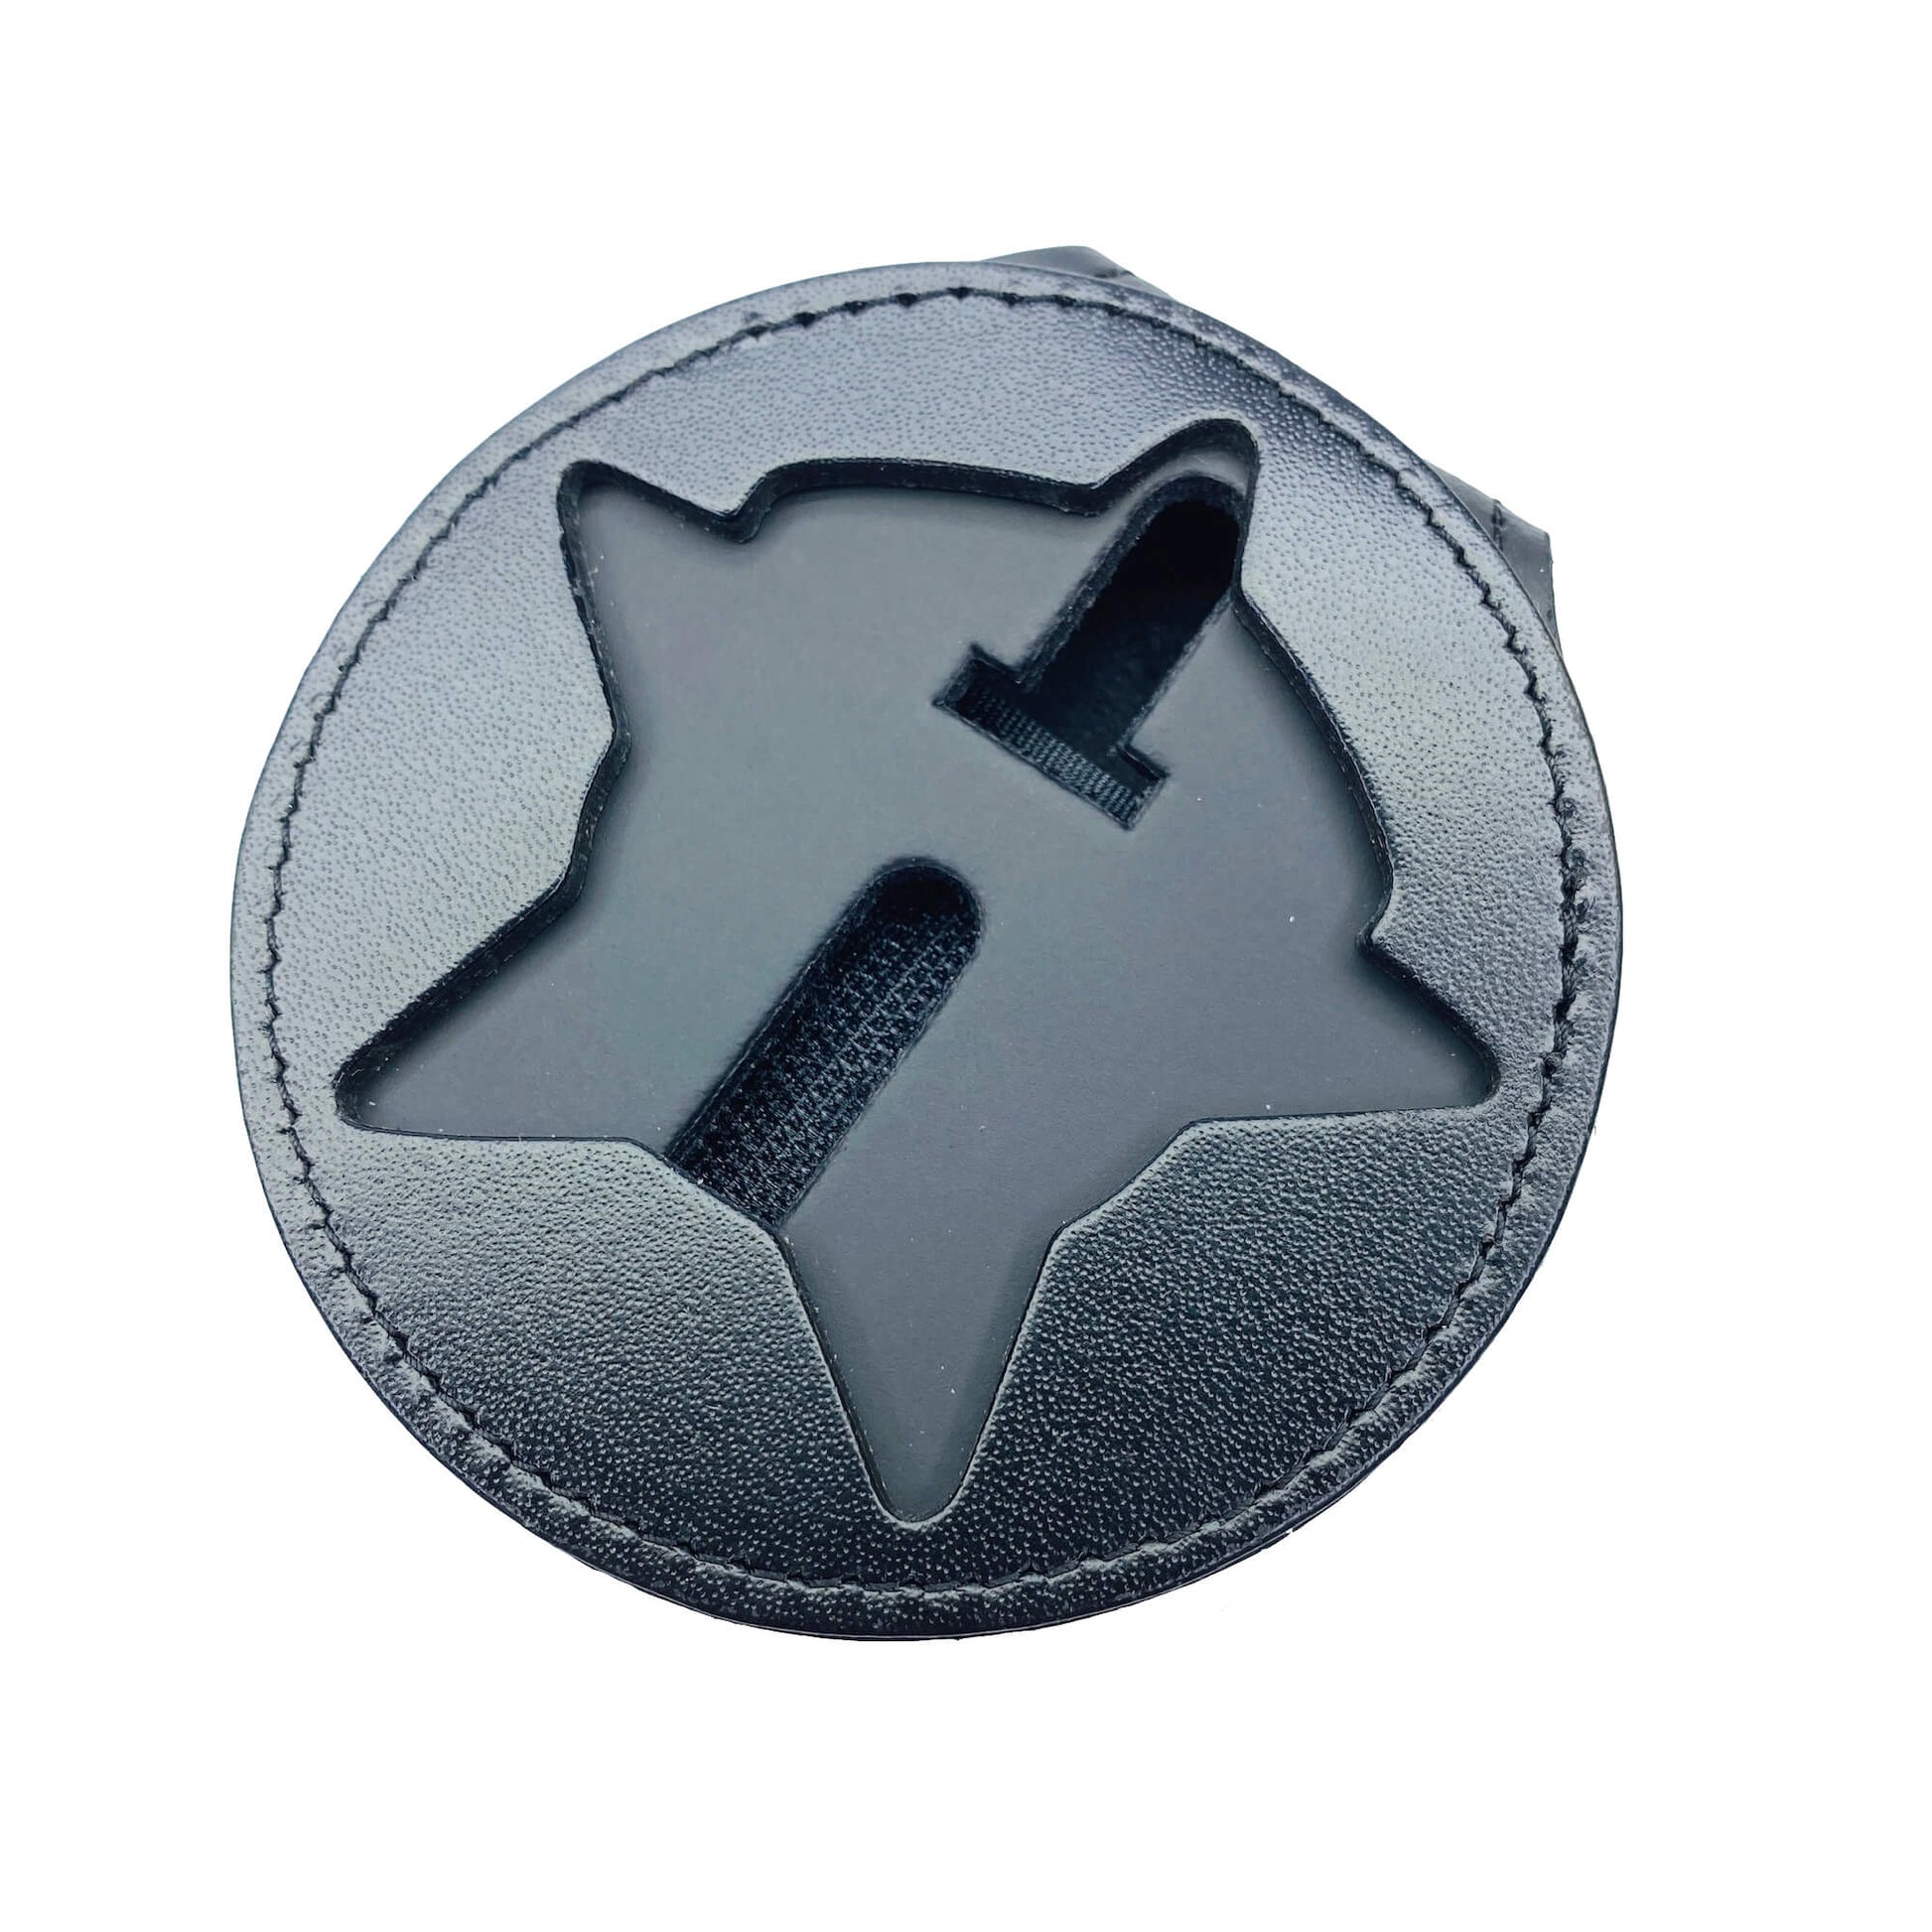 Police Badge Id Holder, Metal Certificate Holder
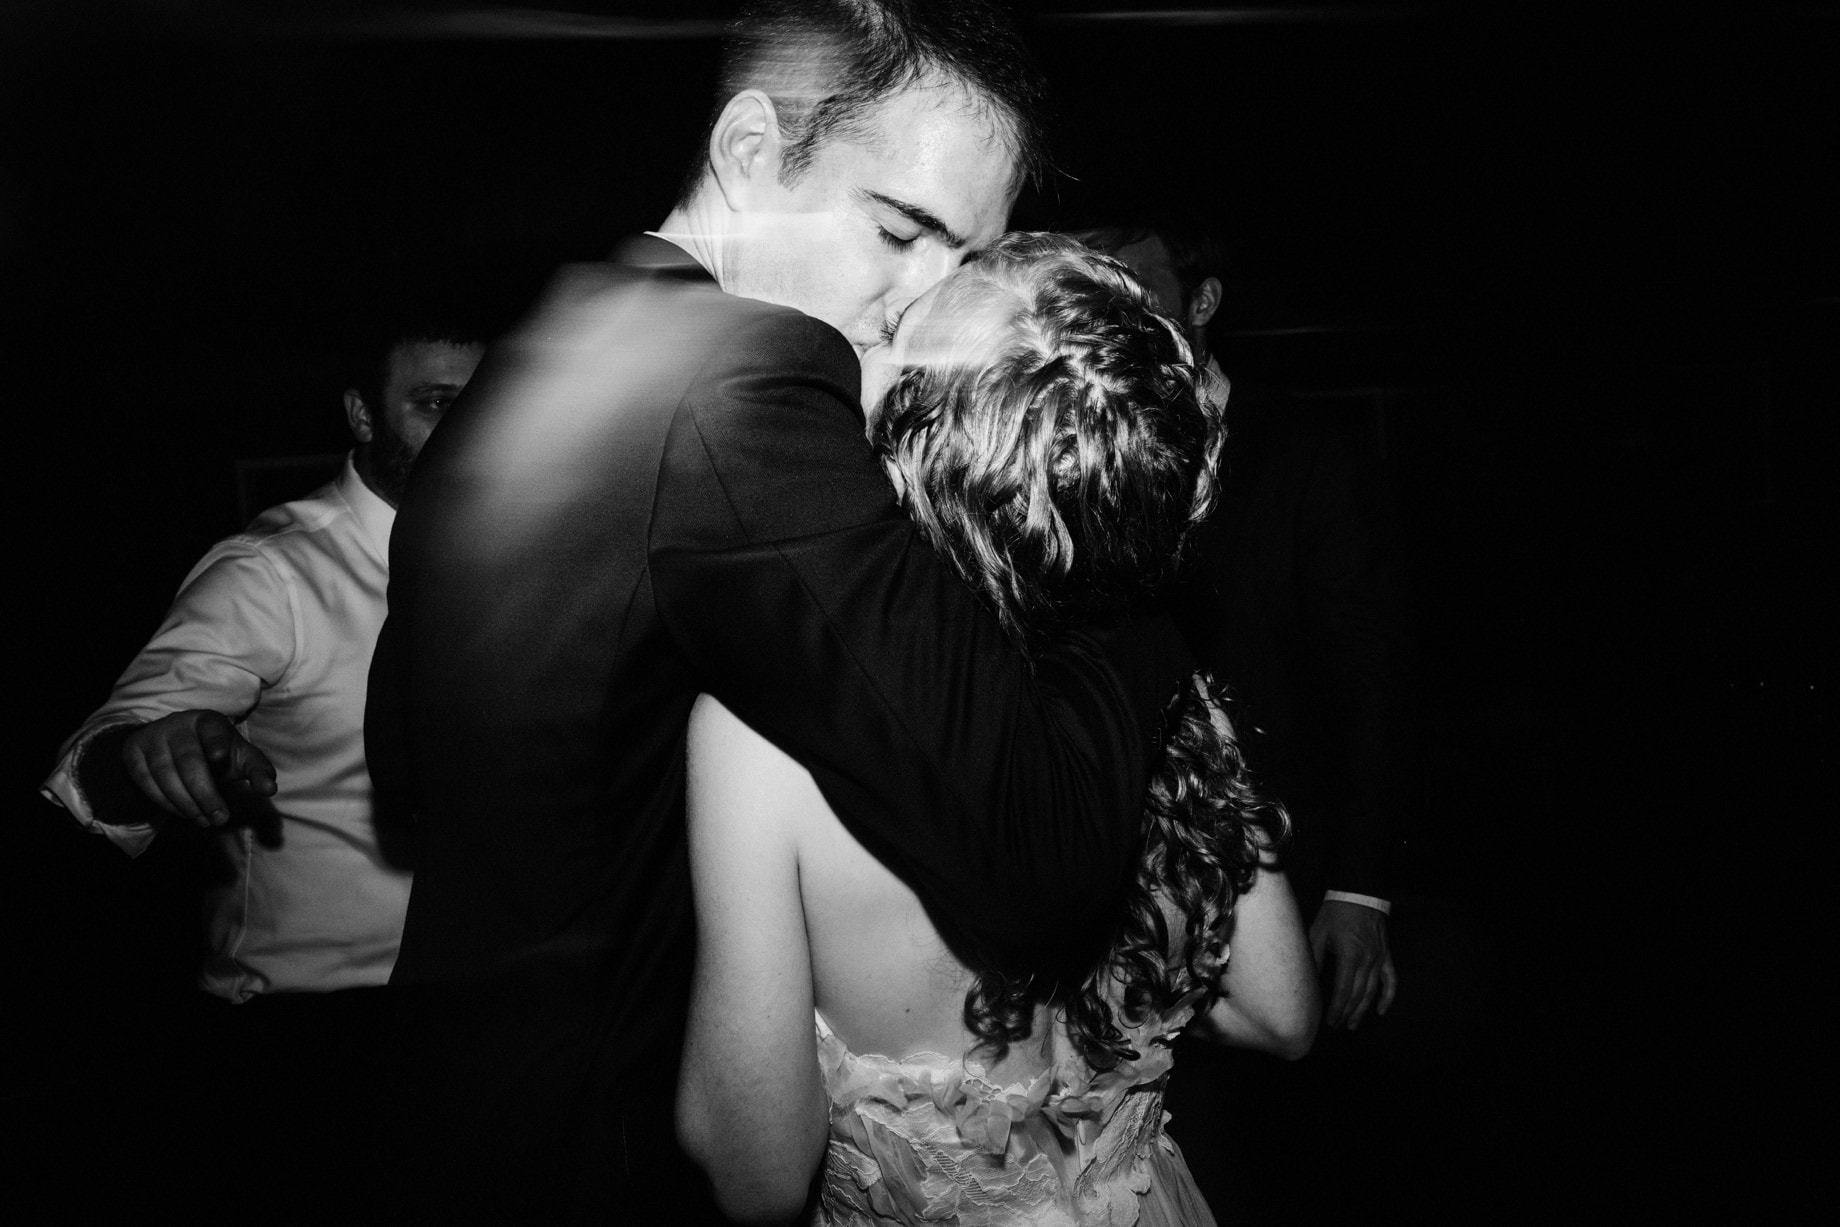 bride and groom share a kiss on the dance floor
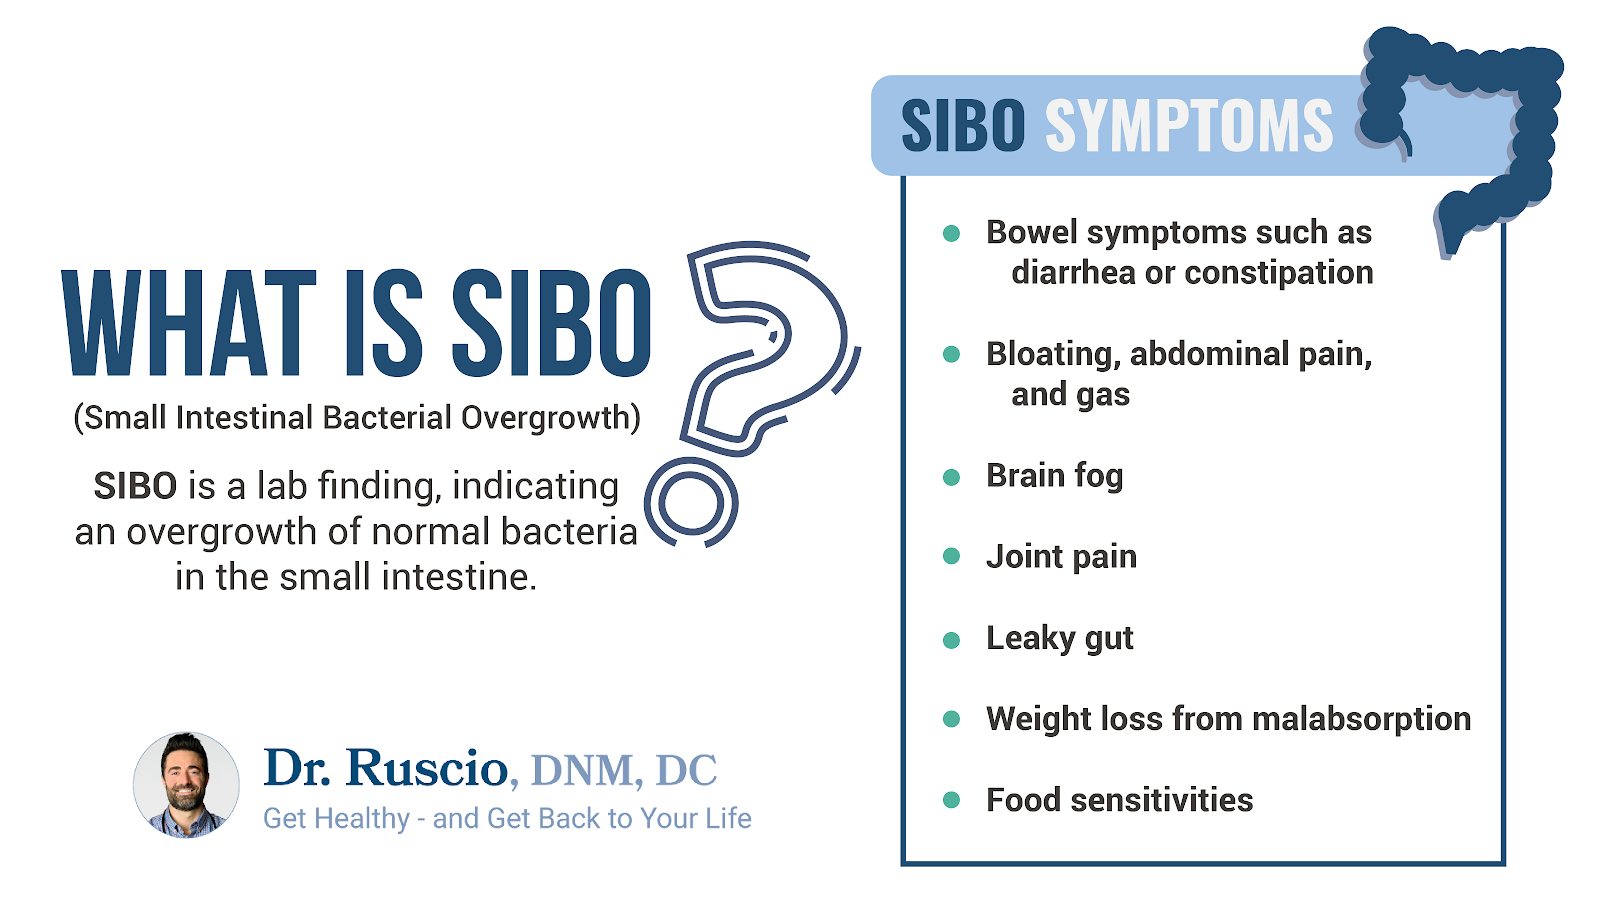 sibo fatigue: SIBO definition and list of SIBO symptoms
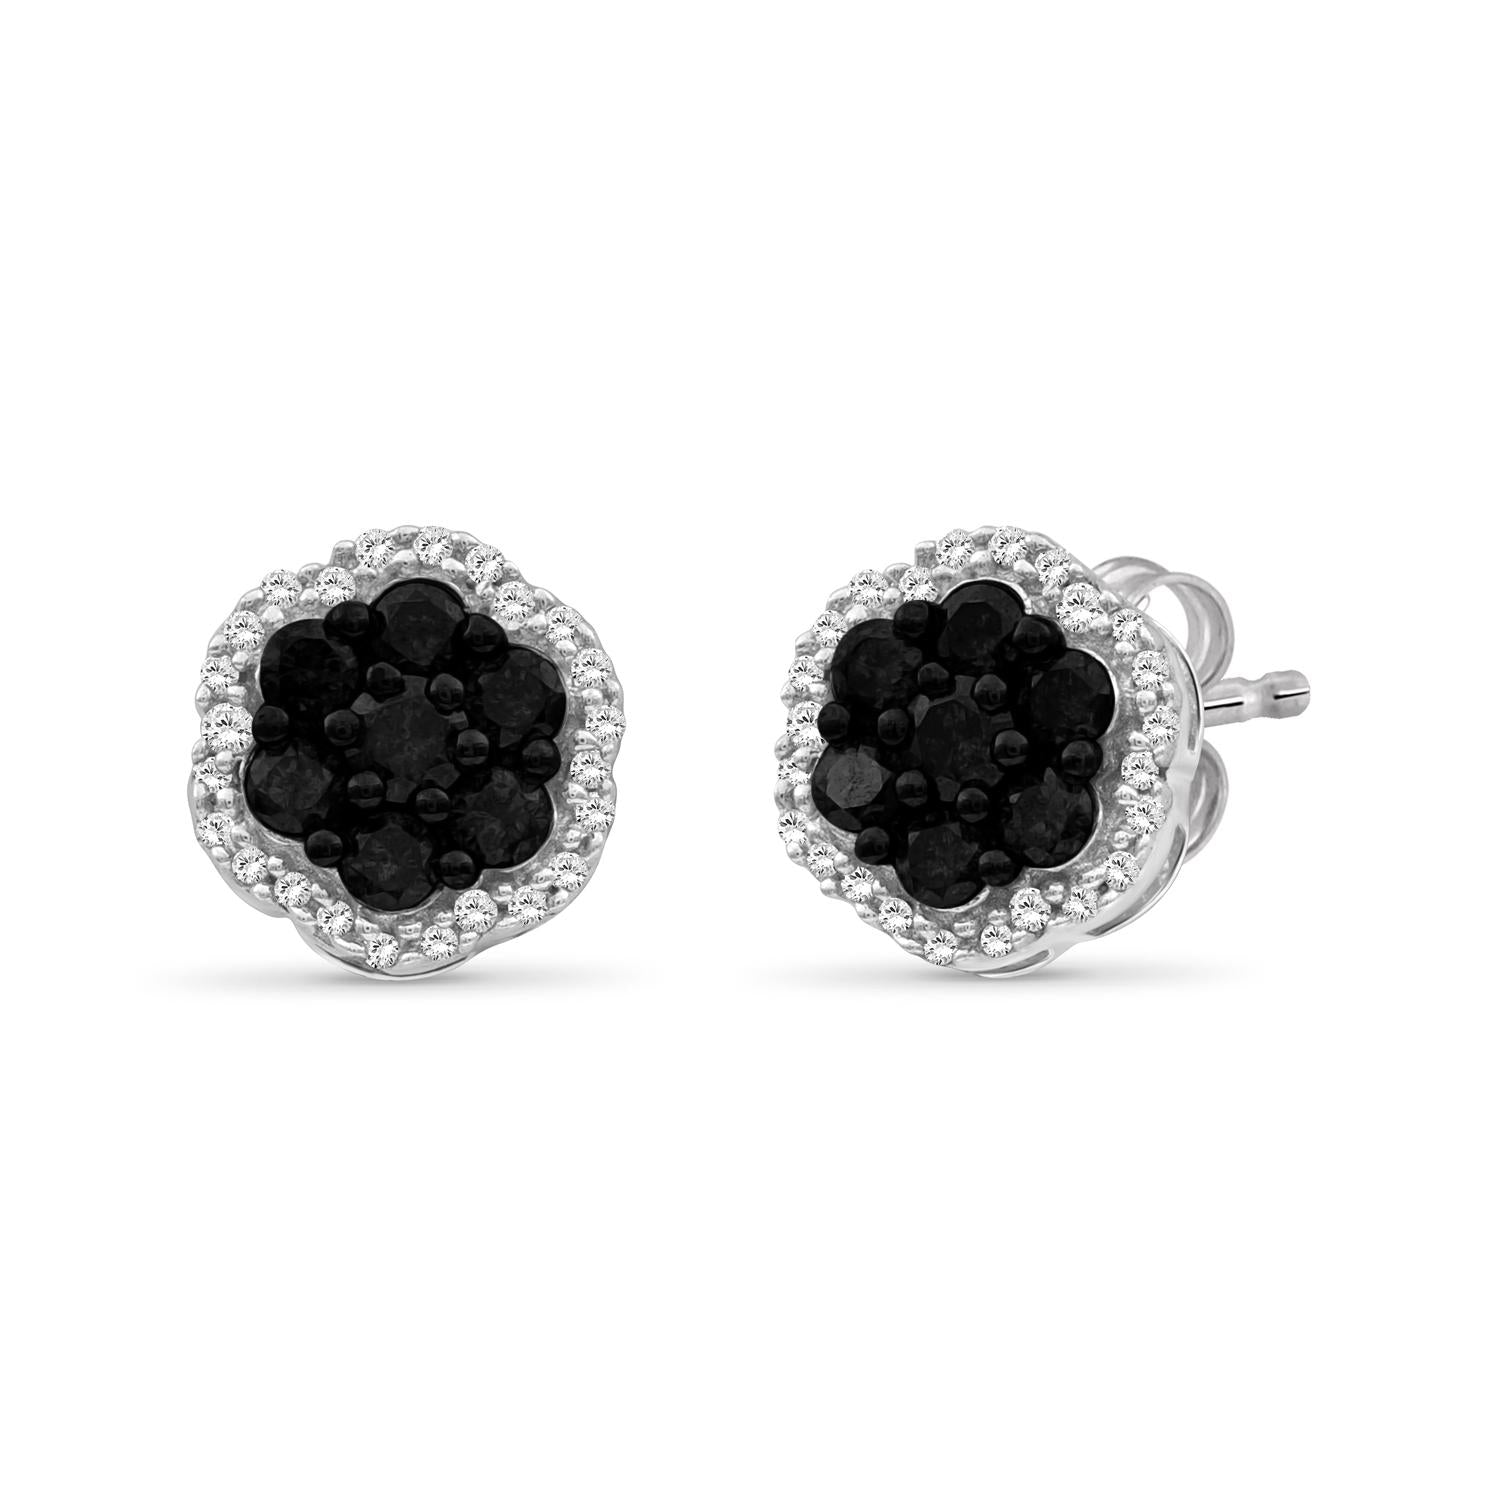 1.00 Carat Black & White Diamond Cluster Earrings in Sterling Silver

WHAT IS NEEDED -
Down to the last line, print the material exactly, but not its pictures.

REPLY -
 Police Badge Id Holder, Metal Certificate Holder
 bride and groom share a kiss on the dance floor
 sibo fatigue: SIBO definition and list of SIBO symptoms
 1.00 Carat Black & White Diamond Cluster Earrings in Sterling Silver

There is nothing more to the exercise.